Data deduplication is able to effectively identify and eliminate redundant
data and only maintain a single copy of files and chunks. Hence, it is widely
used in cloud storage systems to save storage space and network bandwidth.
However, the occurrence of deduplication can be easily identified by monitoring
and analyzing network traffic, which leads to the risk of user privacy leakage.
The attacker can carry out a very dangerous side channel attack, i.e.,
learn-the-remaining-information (LRI) attack, to reveal users' privacy
information by exploiting the side channel of network traffic in deduplication.
Existing work addresses the LRI attack at the cost of the high bandwidth
efficiency of deduplication.
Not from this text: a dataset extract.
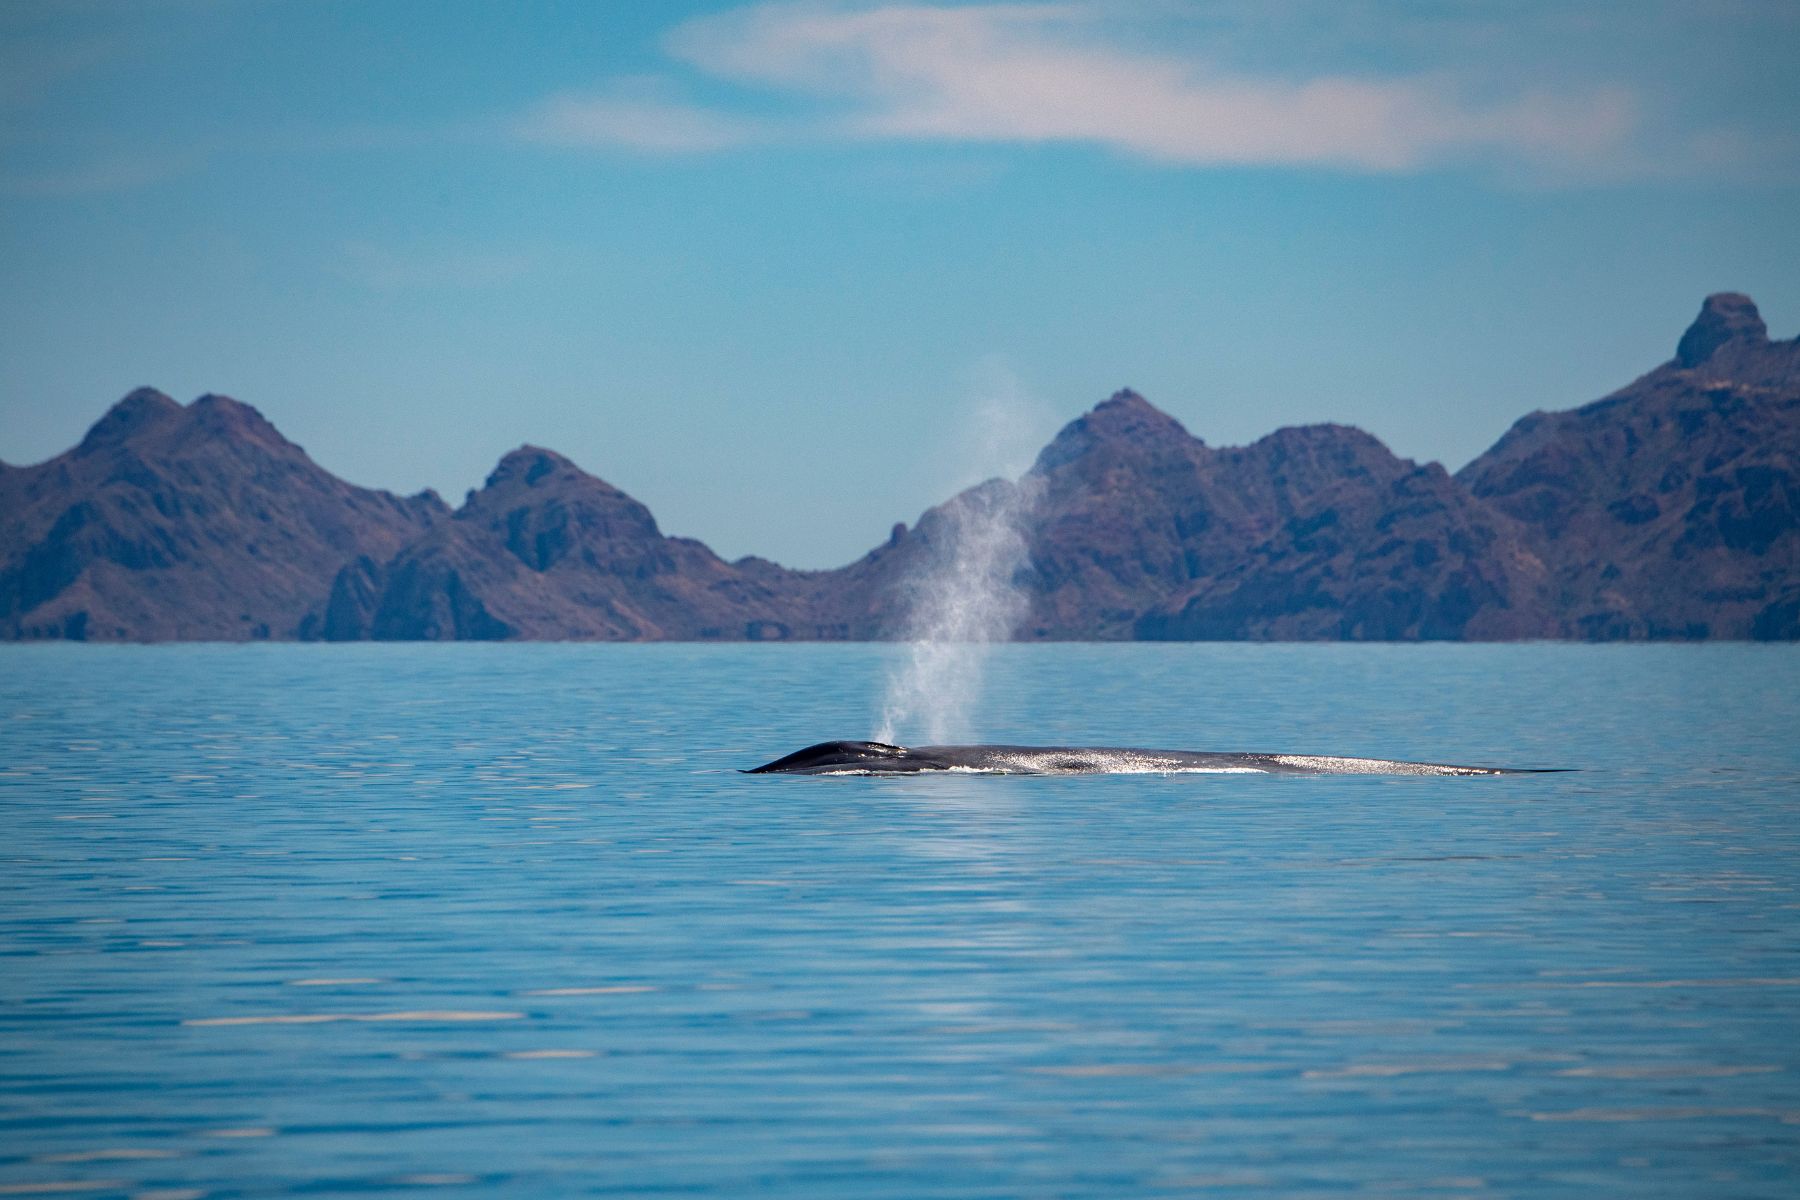 البحث عن الحيتان الزرقاء والرمادية في خليج كاليفورنيا (بحر كورتيس)

In order to address this problem, we propose a
simple yet effective scheme, called randomized redundant chunk scheme (RRCS),
to significantly mitigate the risk of the LRI attack while maintaining the high
bandwidth efficiency of deduplication. The basic idea behind RRCS is to add
randomized redundant chunks to mix up the real deduplication states of files
used for the LRI attack, which effectively obfuscates the view of the attacker,
who attempts to exploit the side channel of network traffic for the LRI attack.
Our security analysis shows that RRCS could significantly mitigate the risk of
the LRI attack. We implement the RRCS prototype and evaluate it by using three
large-scale real-world datasets. Experimental results demonstrate the
efficiency and efficacy of RRCS.